Avid AudioVision Sound to Picture Editor (part 1)
Let me tell you something - even after seeing, playing with and reviewing almost every serious hard disk editing system that has come onto the market in this country over the last few years, I still get excited about going to see another one. Its like visiting frontier country, where the outer limits of the civilised world meet unknown territory. With hardly any announcement, the way we handle audio has changed completely as a result of digital and computer technology. In the old analogue and electro-mechanical days, the equipment was the way it was because the operator turned a knob which moved a wiper which changed the resistance of a potentiometer - direct control of the audio in other words. Now that we can tell a computer what to do to control the audio, the knob doesnt have to be a knob any more. It can be a knob, or it can be a graphic on a computer screen, or it could - if you wanted - be the position of the tip of your index finger in space, the degree of dilation of the pupil of your left eye, or the quantity of low frequency vibrational energy produced by the rumbling of your stomach since its half an hour past lunchtime! The point is, we still dont really know how we want to interact with audio even though we have a virtually unlimited choice of ways in which to interact. Finding the optimum solution will take years of product development and experience in the field. It was pretty exciting stuff when DAR unveiled their touch screen equipped SoundStation II, or SSL released ScreenSound with a pen and graphics tablet interface. But the controlling device - apart from these two examples and a very small number of others it is usually a mouse - is only one aspect out of possibly hundreds or even thousands of elements that make up a user interface. The appearance of the graphics, the file handling system, the organisation of the components of the audio production - all have a vital part to play in making the equipment easy or difficult to learn and to use, and seemingly subtle differences can have a major effect on usability and efficiency.
Why try to reinvent the wheel?. Its an old saying but no-one has come up with anything better than a circular disc with an axle in the centre (yet!).

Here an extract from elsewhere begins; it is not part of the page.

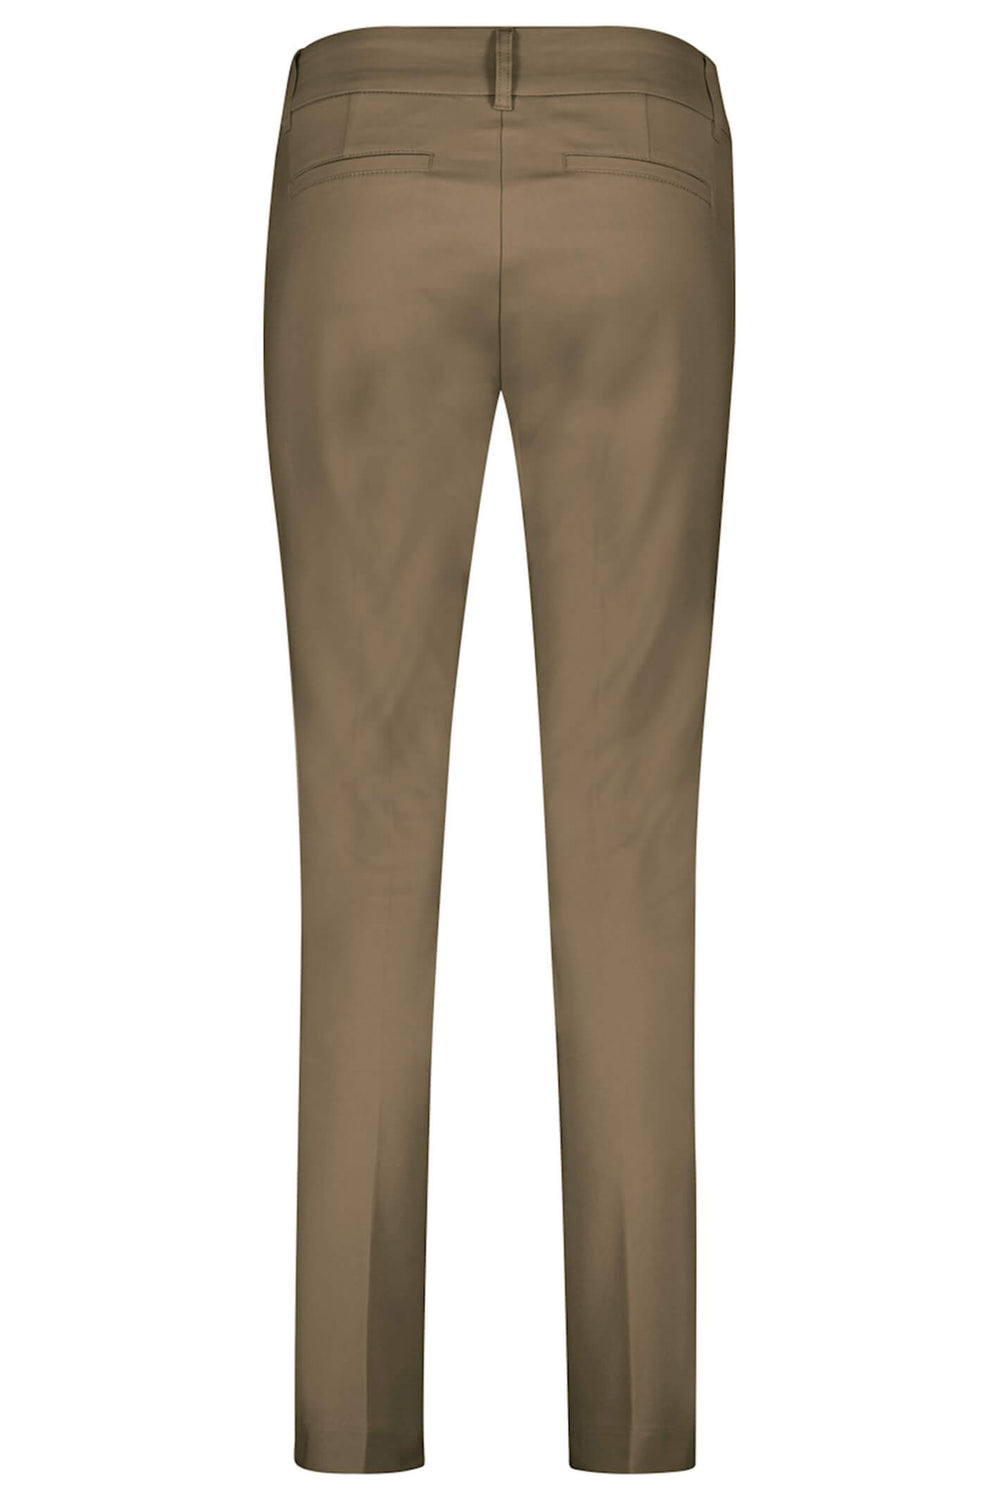 Red Button SRB4122 Diana Dark Taupe Smart Trouser - Dotique

Another way of putting it could be, Why try to reinvent a large part of the user interface when major companies have spent massive amounts on R&D to produce theirs and are prepared to make it available to you for next to nothing?. Not quite as snappy maybe, but I think it is an important consideration. Apple and Microsoft are computer orientated companies that have spent probably millions developing their Finder and Windows interfaces and their research is now paying off in two ways. The first way is that both are good usable interfaces that handle the elements that different software applications have in common. The second is that once you have learnt one piece of software, another piece of software running on the same operating system will appear very similar and will be much easier to learn. As the computer becomes more of an integral part of our daily lives we will find that the functions of the interface that Finder and Windows eventually evolve into will become second nature to us, like switching on a light, drawing curtains or driving a car. We dont need to thing about these things because they have penetrated our consciousness to such a degree that they are intuitive - and you never find a car with the clutch pedal on the right!